Emma Martín Queralt

Personal information
- Full name: Emma Martín Queralt
- Date of birth: 13 August 2002 (age 23)
- Place of birth: Roquetes, Tarragona, Spain
- Position: Midfielder

Team information
- Current team: Lazio
- Number: 8

Senior career*
- Years: Team / Apps / (Gls)
- 2017–2018: Cambrils
- 2018–2021: Alavés / 26+ / (1+)
- 2021–2022: Levante Las Planas /  / (5+)
- 2022–2023: Real Oviedo /  / (3+)
- 2023–2024: Barcelona B /  / (2)
- 2025: Valencia / 13 / (2)
- 2025–: Lazio / 5 / (0)

= Emma Martín =

Spanish footballer (born 2002)

Emma Martín Queralt (born 13 August 2002) is a footballer who plays as a midfielder for Italian Serie A club Lazio.

==Club career==
Martín started her career at Cambrils. In 2018, when she was 15, she signed for Deportivo Alavés Gloriosas. On 30 May 2021, the team achieved promotion to the Spanish first league and on 9 October of that year, she had the opportunity to debut in the Spanish Primera División, against the team Sporting de Huelva in a 0–0 draw.

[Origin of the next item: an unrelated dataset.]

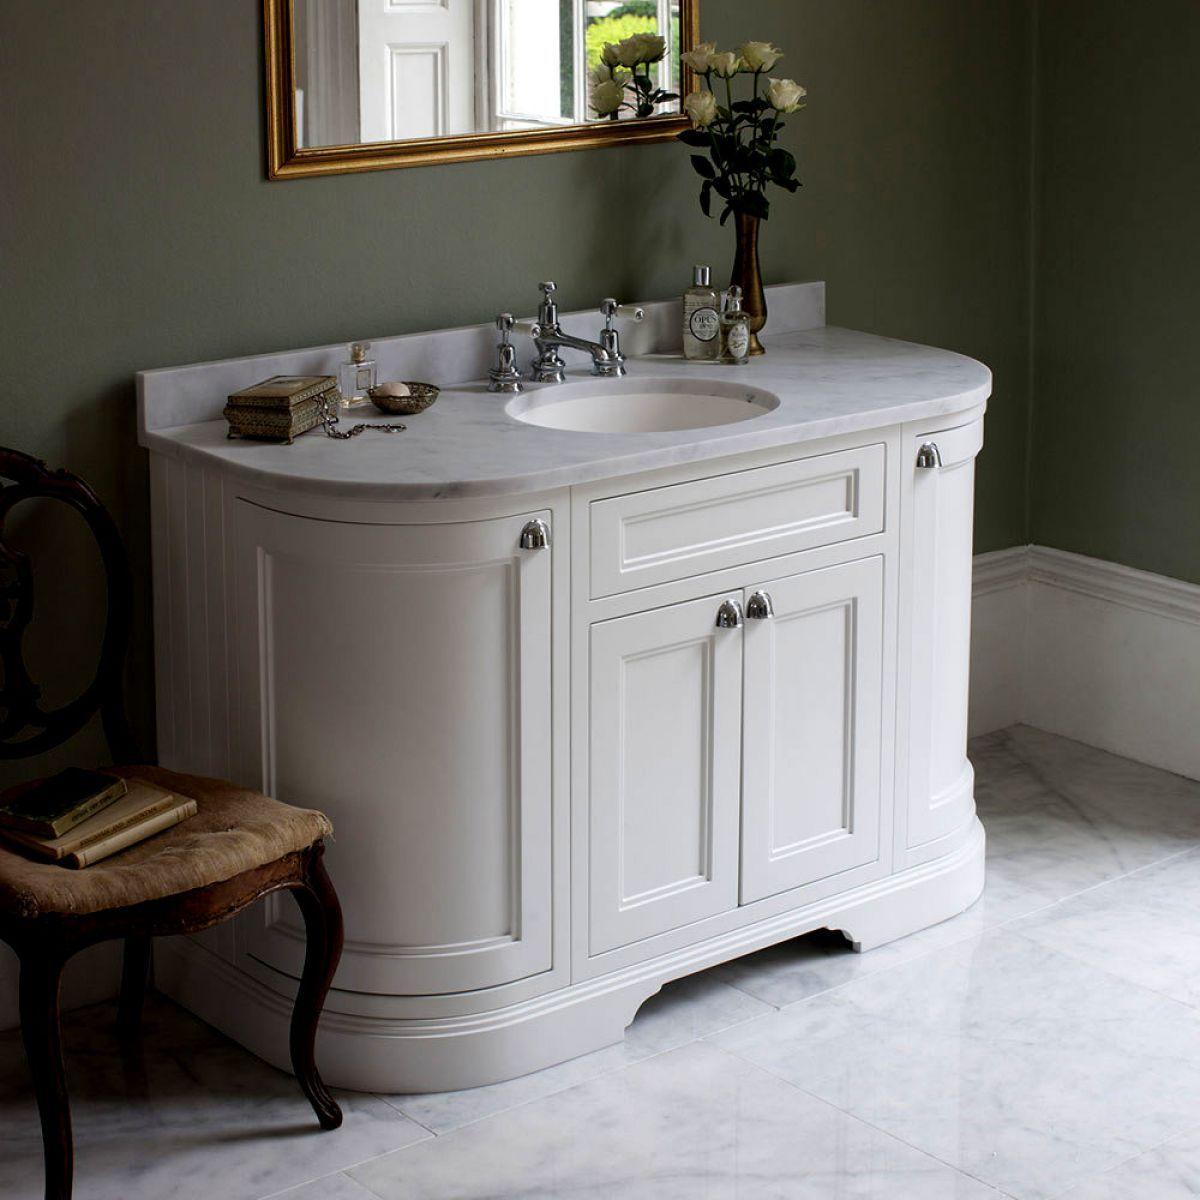 double vanity units for bathrooms. Burlington 134 Curved Vanity Unit with Double Doors  UK Bathrooms

As a consequence of a lack of playing time, in the winter market she signed for the Catalonian team of Levante Las Planas. There she scored five goals. The club was promoted to the first league for the second time, on 29 May.

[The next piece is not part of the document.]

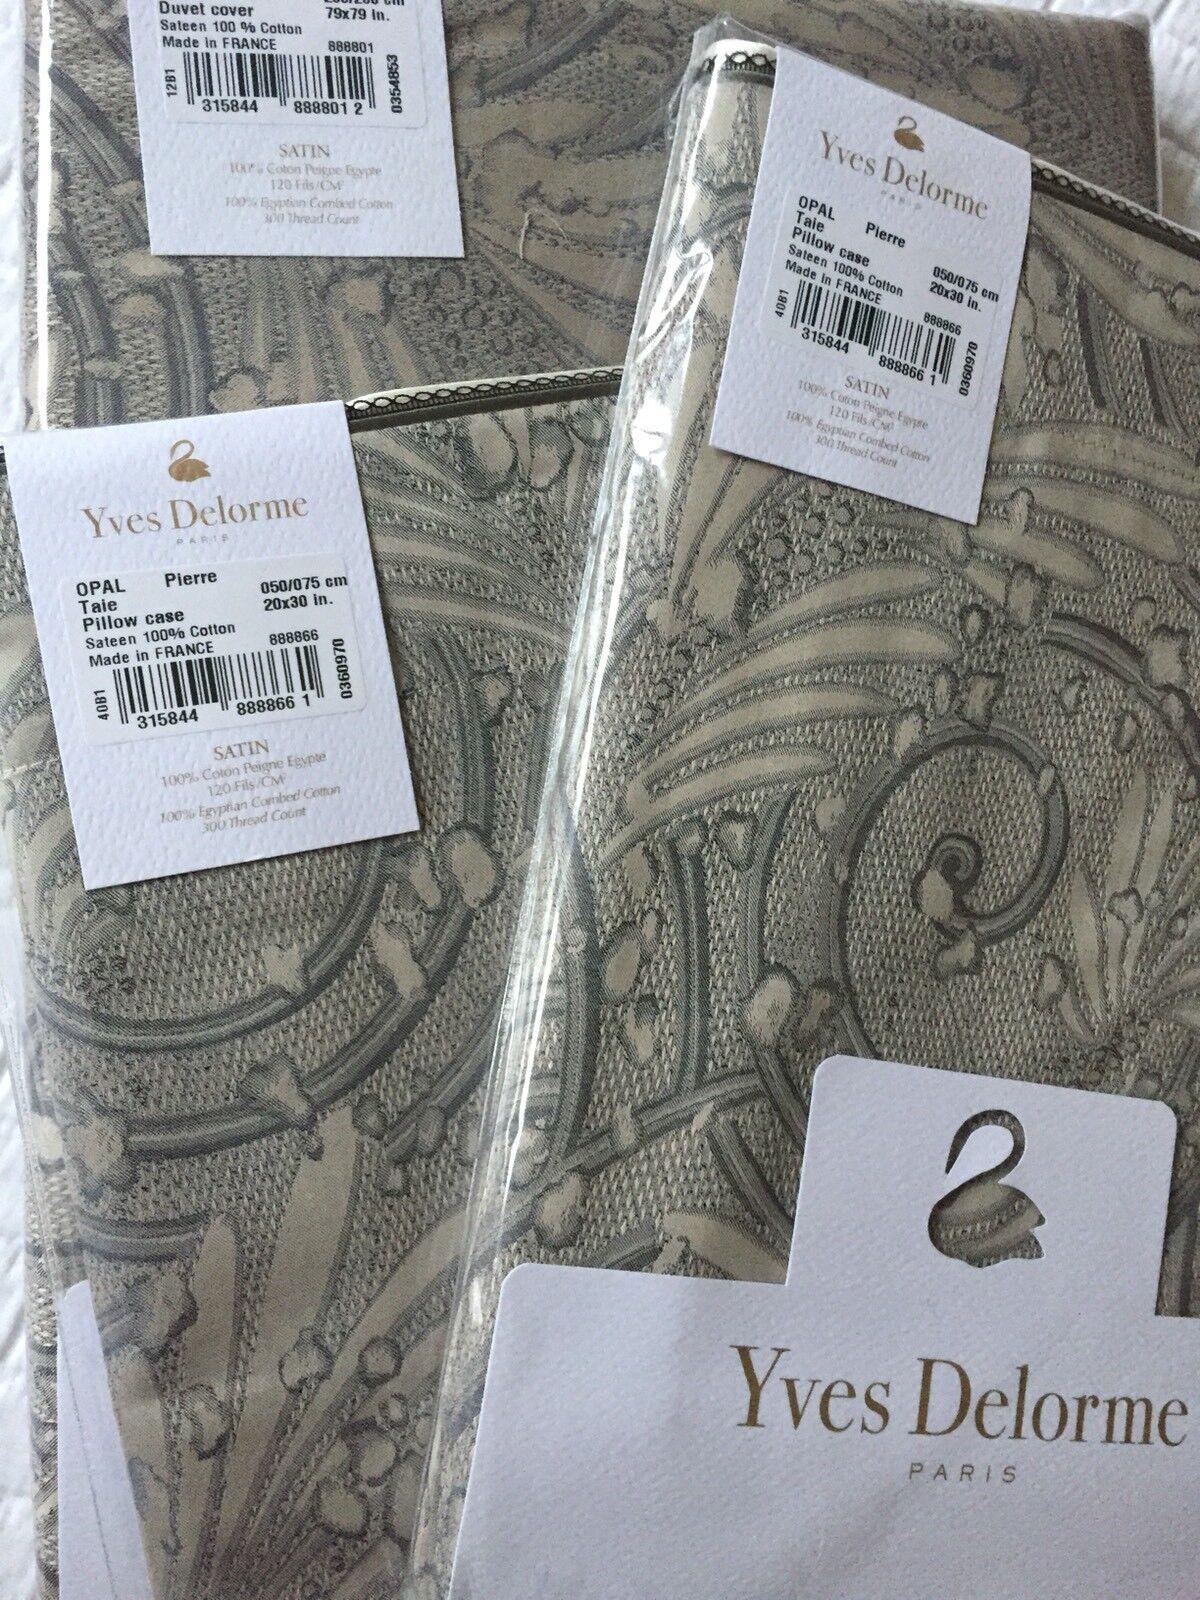 YVES DELORME OPAL PIERRE SATIN Duvet Cover Set DOUBLE

In the summer market, she signed for Real Oviedo Femenino, where she scored three goals. The team was later demoted to the third Spanish league.

For the 2023–24 season, Martín joined Futbol Club Barcelona Femení B, winning the second division.

On 10 January 2025, Martín was sold by Barcelona to Liga F team Valencia, for an undisclosed fee, returning to the Spanish top flight.

In July 2025, Martín signed for Italian Serie A club Lazio.